Nikolaou Christoforos
Computational Genomics Group, Department of Biology, University of Crete, 71409 Herakleion, Crete, Greece.
Comput Biol Chem. 2014 Dec;53 Pt A:134-43. doi: 10.1016/j.compbiolchem.2014.08.018. Epub 2014 Aug 20.
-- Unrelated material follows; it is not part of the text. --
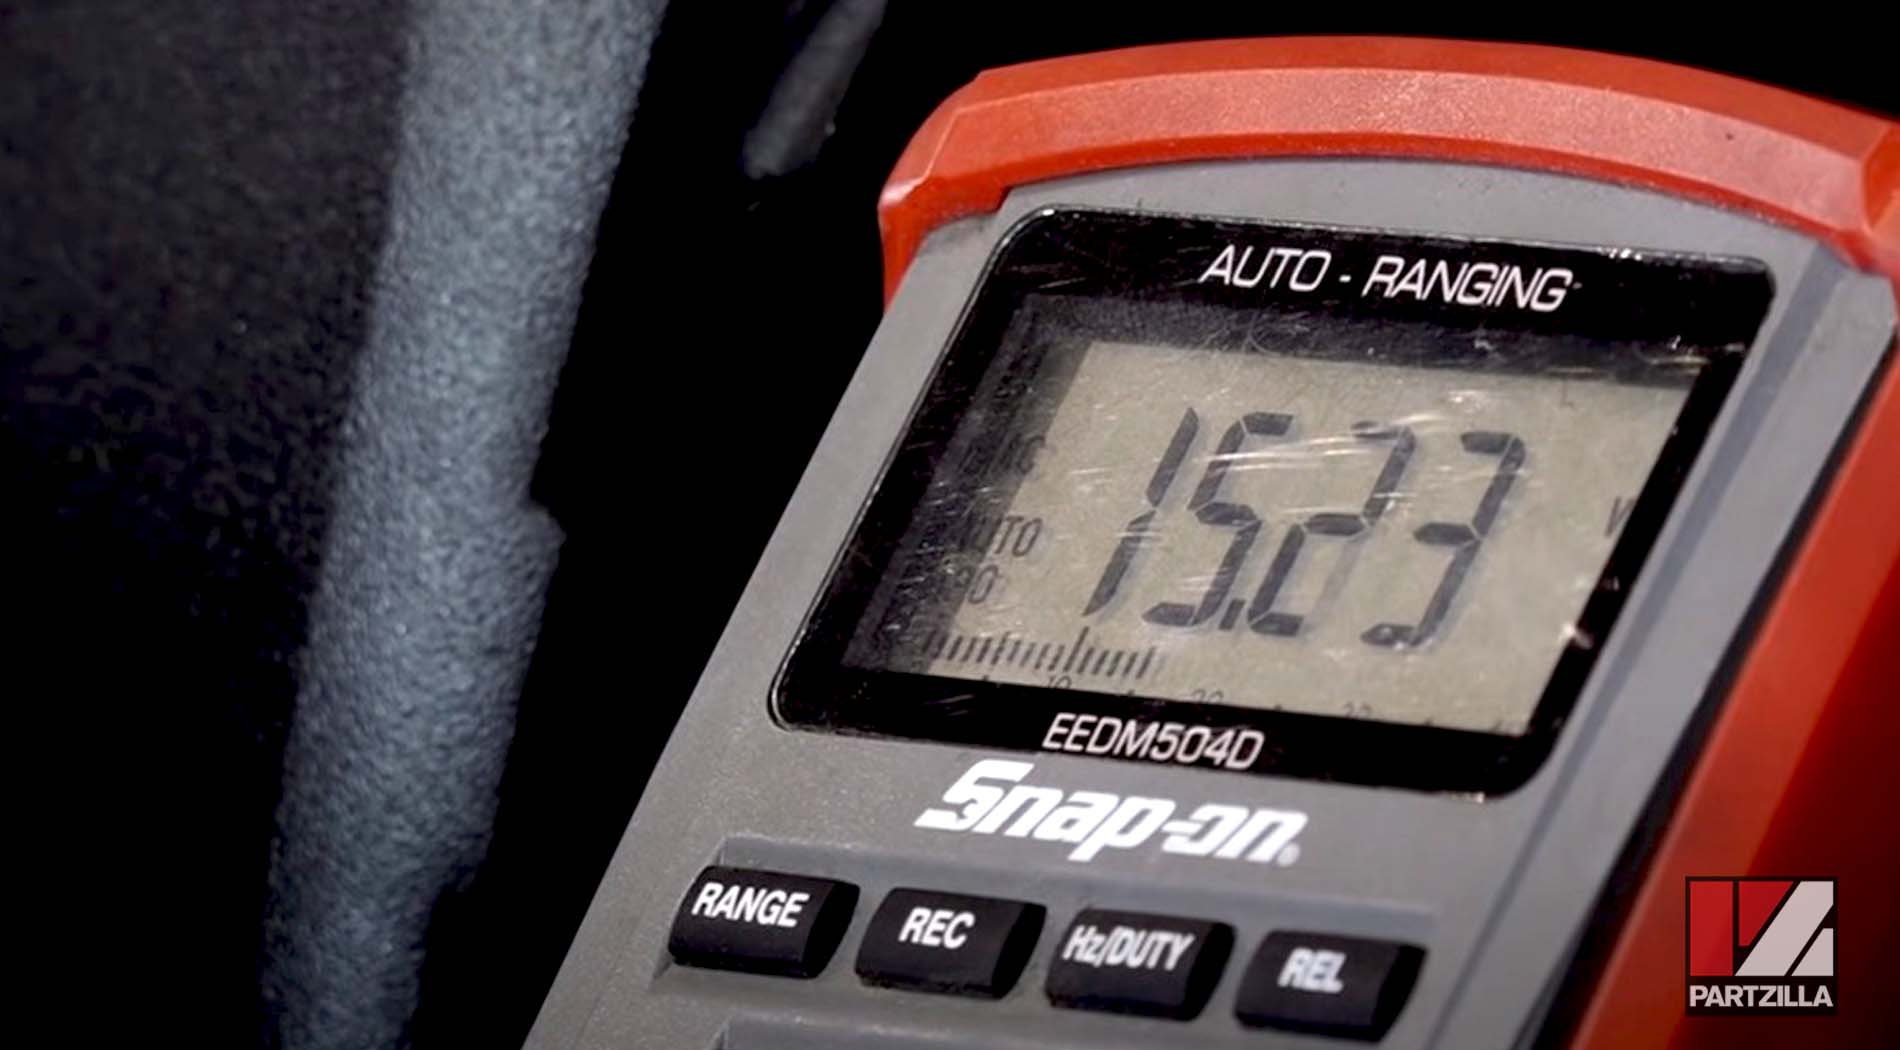 Honda CBR 600 charging system troubleshooting testing
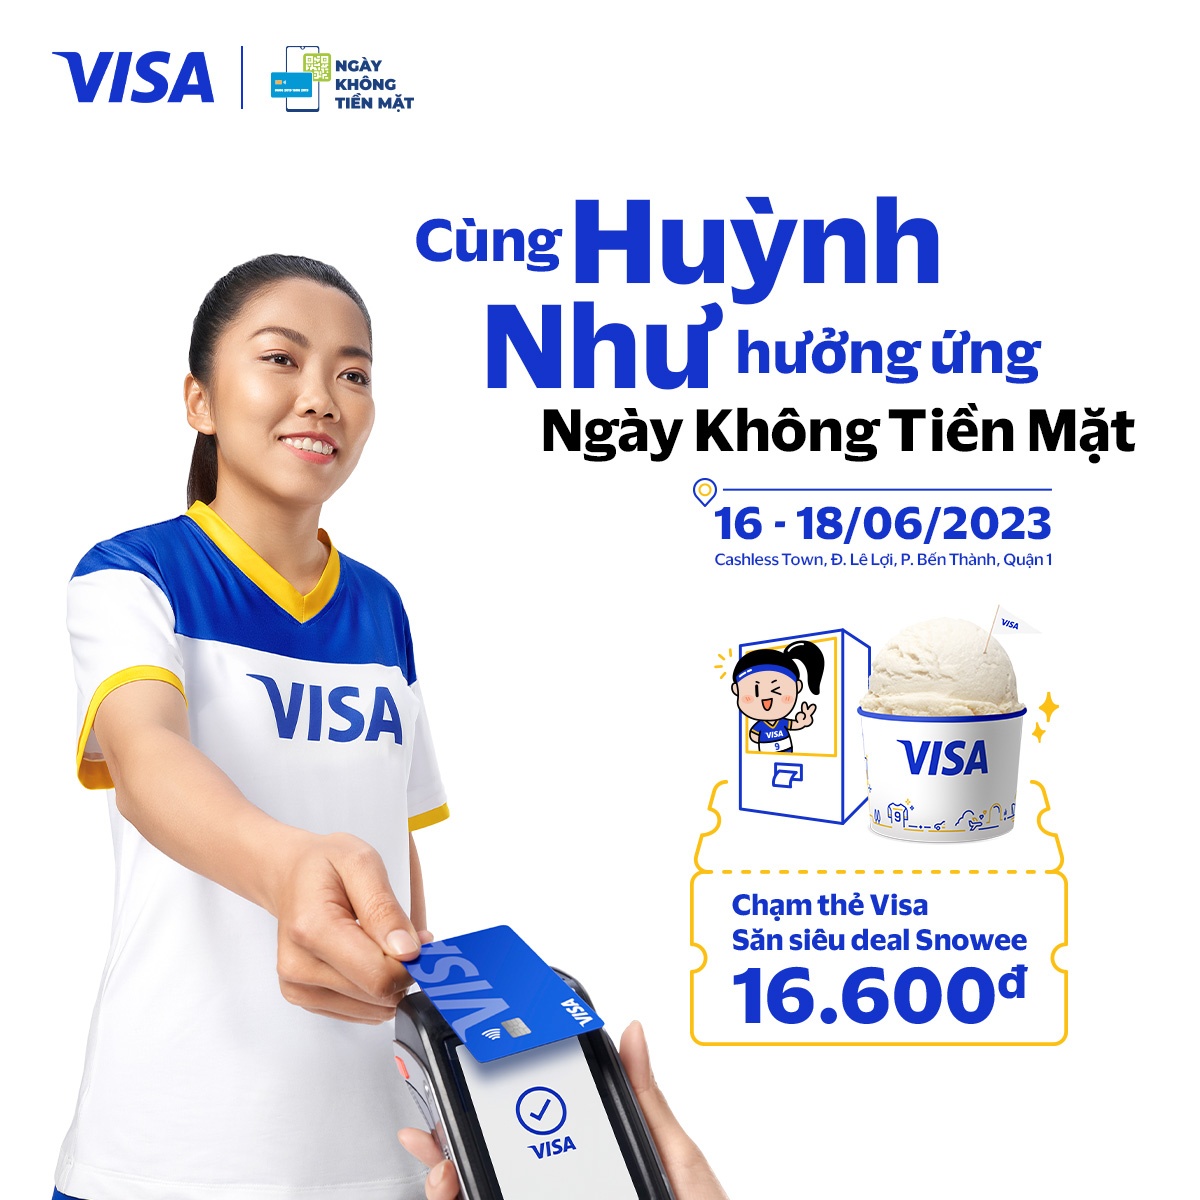 Visa joins Vietnam’s 5th Cashless Day celebration

Genomic sequences exhibit self-organization properties at various hierarchical levels. One such is the gene structure of higher eukaryotes with its complex exon/intron arrangement. Exon sizes and exon numbers in genes have been shown to conform to a law derived from statistical linguistics and formulated by Menzerath and Altmann, according to which the mean size of the constituents of an entity is inversely related to the number of these constituents. We herein perform a detailed analysis of this property in the complete exon set of the mouse genome in correlation to the sequence conservation of each exon and the transcriptional complexity of each gene locus. We show that extensive linear fits, representative of accordance to Menzerath-Altmann law are restricted to a particular subset of genes that are formed by exons under low or intermediate sequence constraints and have a small number of alternative transcripts. Based on this observation we propose a hypothesis for the law of Menzerath-Altmann in mammalian genes being predominantly due to genes that are more versatile in function and thus, more prone to undergo changes in their structure. To this end we demonstrate one test case where gene categories of different functionality also show differences in the extent of conformity to Menzerath-Altmann law.
基因组序列在不同层次水平上表现出自组织特性。其中之一是高等真核生物的基因结构及其复杂的外显子/内含子排列。基因中的外显子大小和外显子数量已被证明符合一条源自统计语言学、由门泽拉斯和阿尔特曼提出的定律,根据该定律,一个实体的组成部分的平均大小与这些组成部分的数量成反比。我们在此对小鼠基因组的完整外显子集的这一特性进行了详细分析,并将其与每个外显子的序列保守性以及每个基因座的转录复杂性相关联。我们表明,代表符合门泽拉斯 - 阿尔特曼定律的广泛线性拟合仅限于由处于低或中等序列约束下的外显子形成且具有少量可变转录本的特定基因子集。基于这一观察结果,我们提出了一个假设,即哺乳动物基因中的门泽拉斯 - 阿尔特曼定律主要归因于功能更具通用性、因此更易于发生结构变化的基因。为此,我们展示了一个测试案例,其中不同功能的基因类别在符合门泽拉斯 - 阿尔特曼定律的程度上也存在差异。